[Work instructions]
Please reproduce all the records exactly while leaving out their pictures.

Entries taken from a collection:
------------------------------------

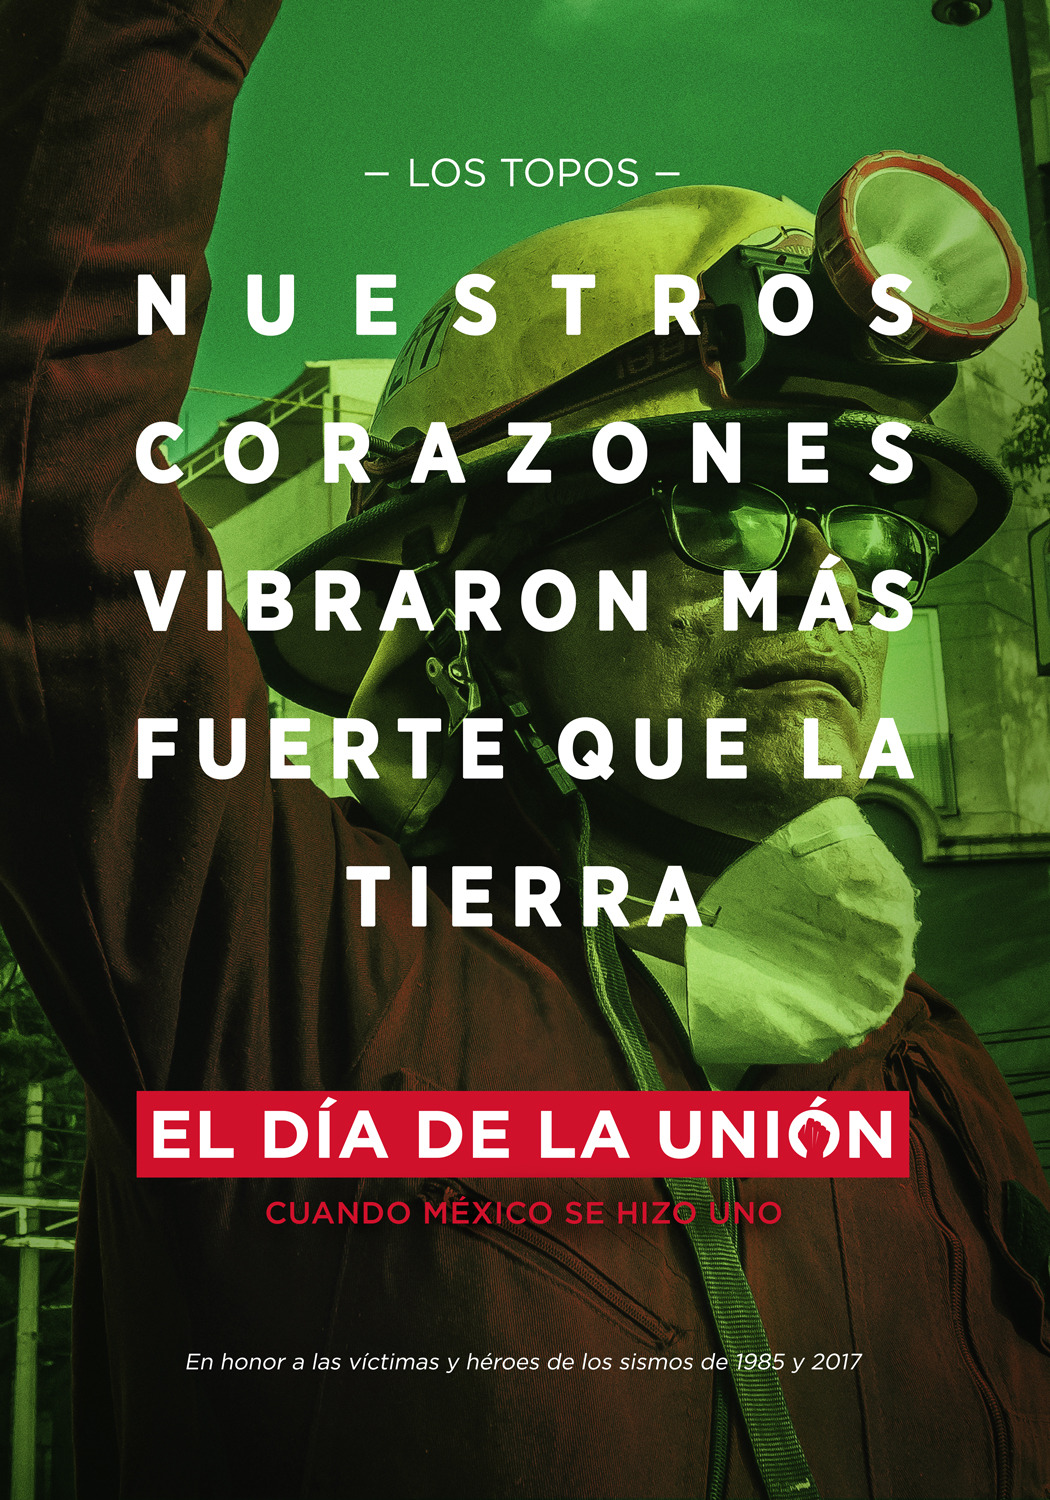 Extra Large Movie Poster Image for El Día de la Unión (#3 of 4)
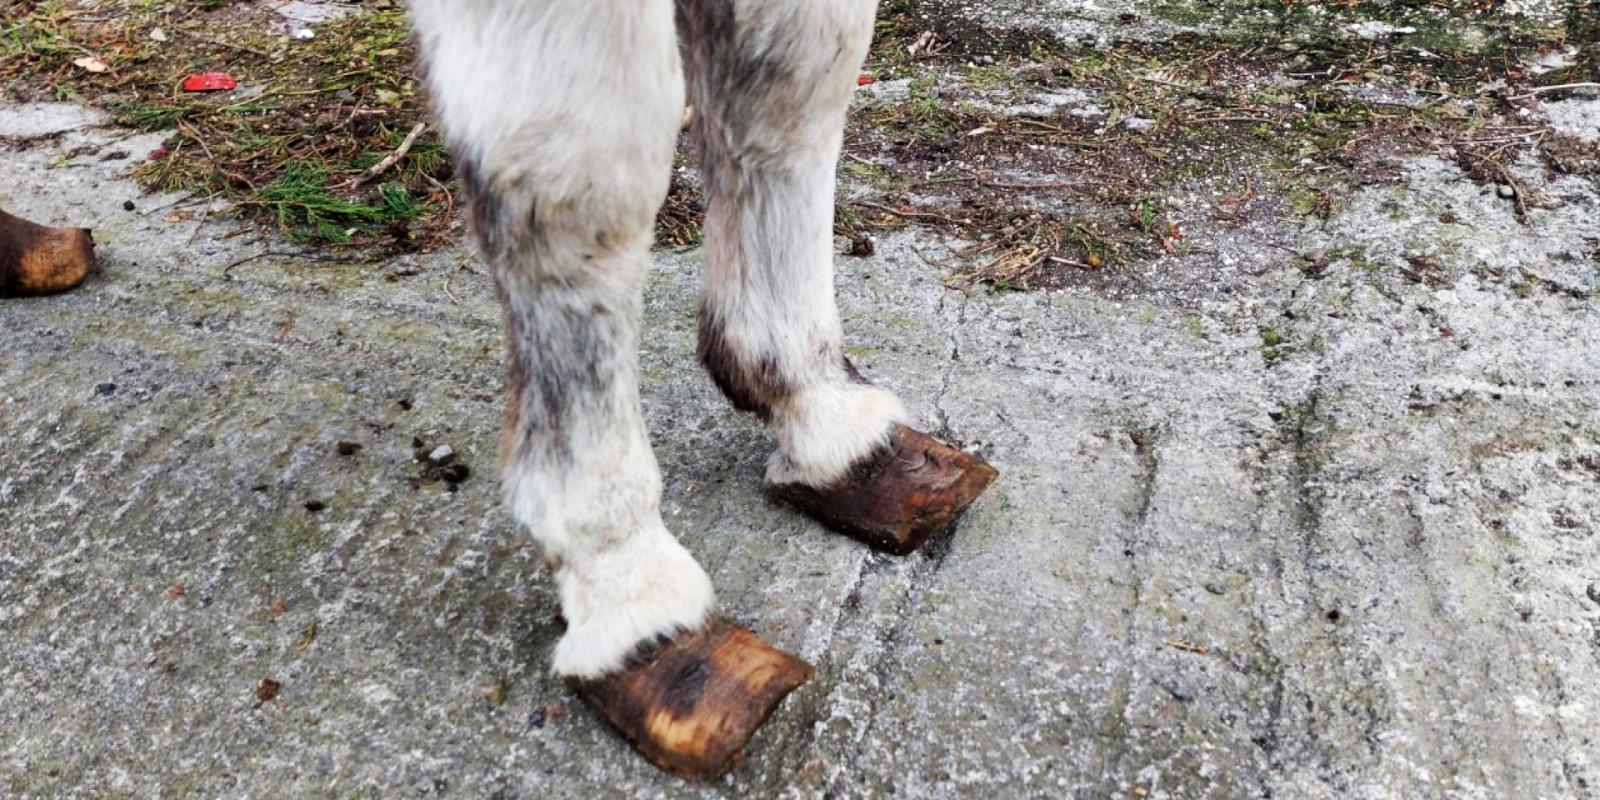 Donkey's overgrown hooves
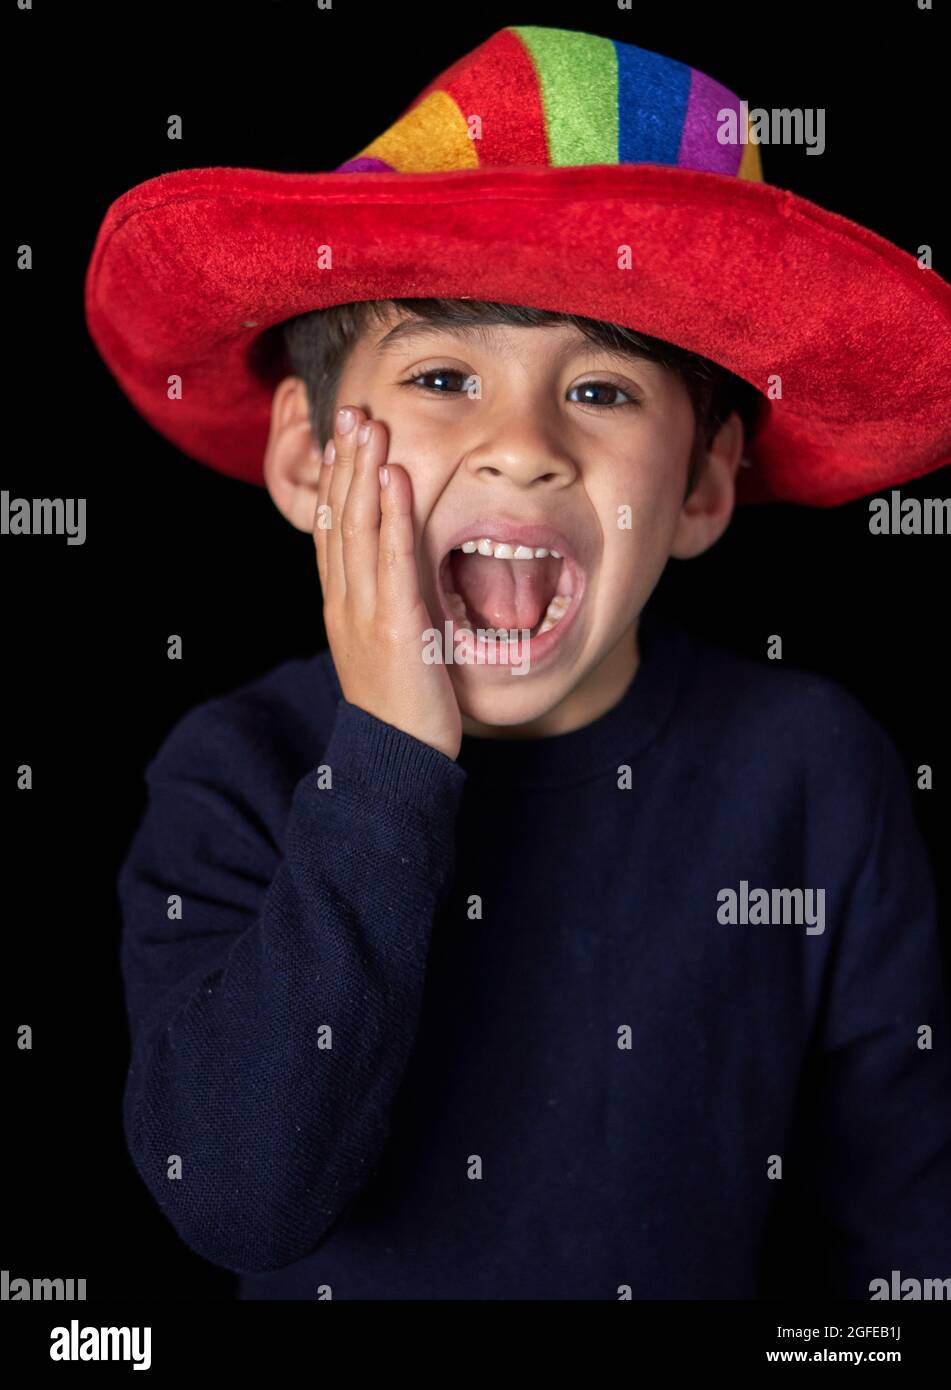 niño latino con sombrero rojo haciendo caras y apoyando su mano en su cara gritando. fondo vertical, negro Foto de stock
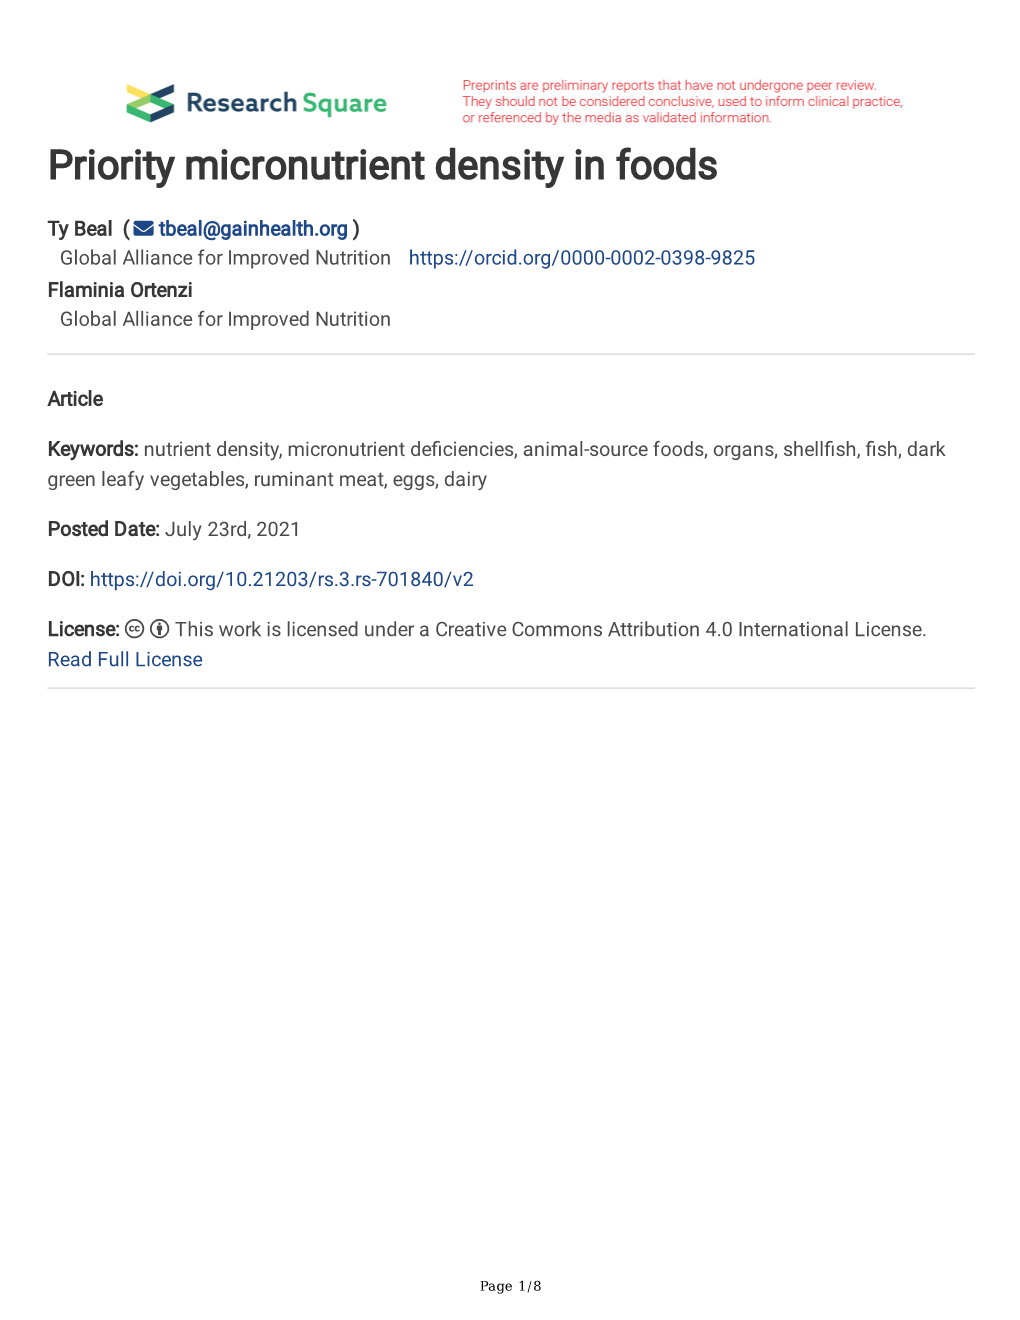 Priority Micronutrient Density in Foods
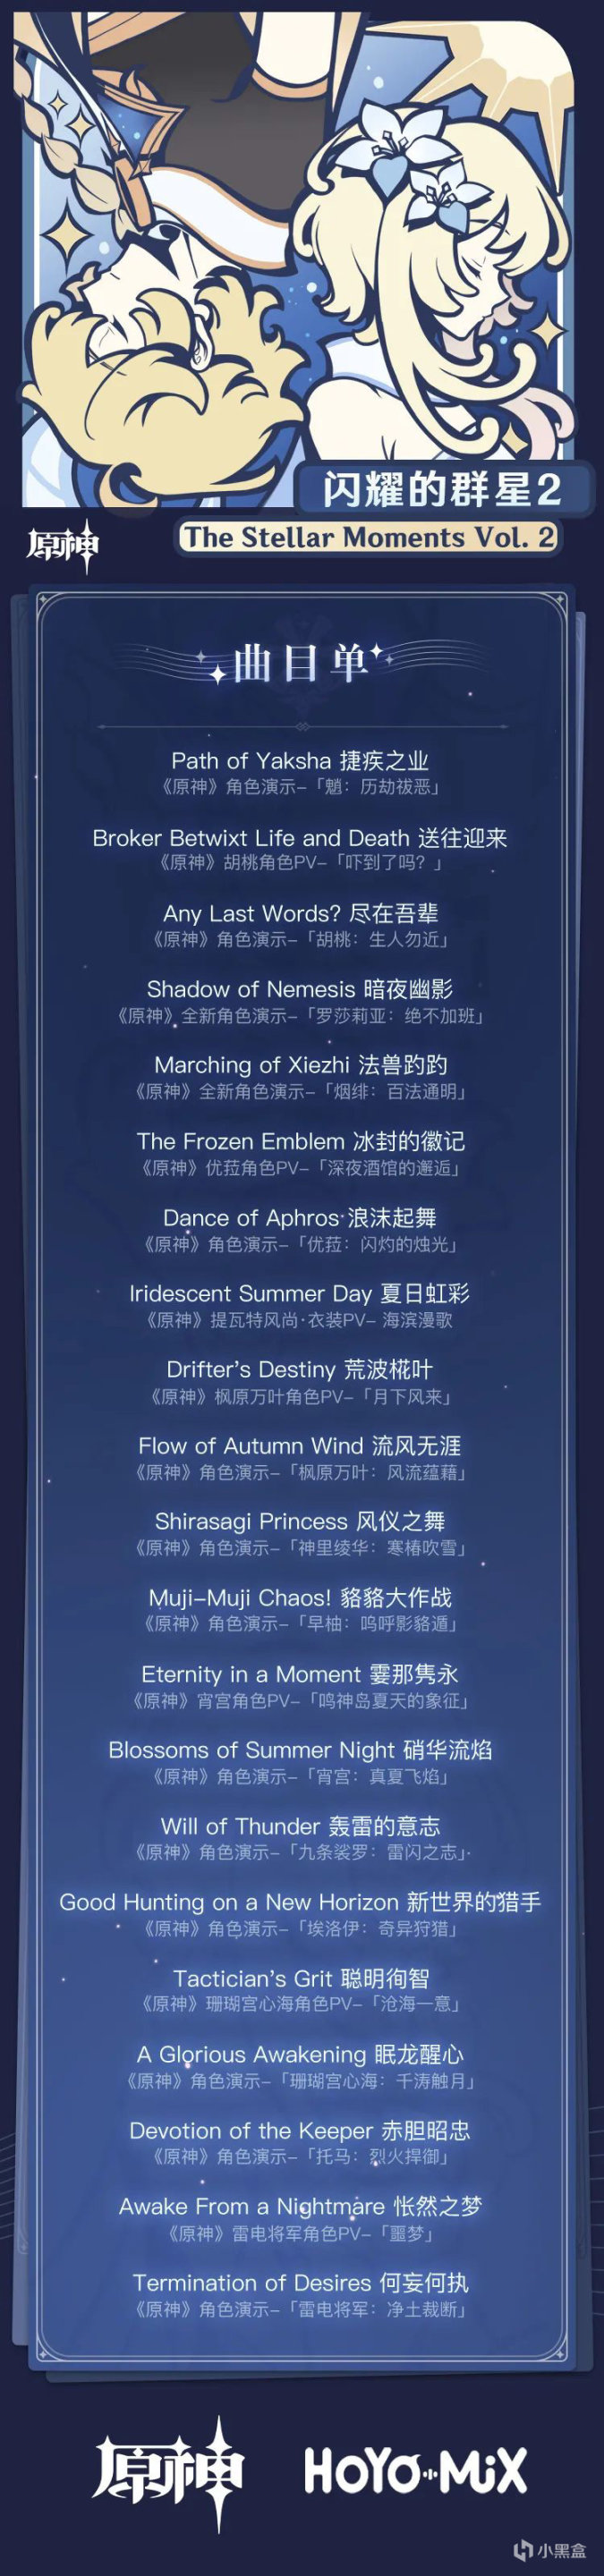 《原神》第二张角色主题 OST 专辑《闪耀的群星 2》即将上线-第1张

------------------------------------

[Exercise result]
 Extra Large Movie Poster Image for El Día de la Unión (#3 of 4)
 Donkey's overgrown hooves
 niño latino con sombrero rojo haciendo caras y apoyando su mano en su cara gritando. fondo vertical, negro Foto de stock
 Priority Micronutrient Density in Foods
 《原神》第二张角色主题 OST 专辑《闪耀的群星 2》即将上线-第1张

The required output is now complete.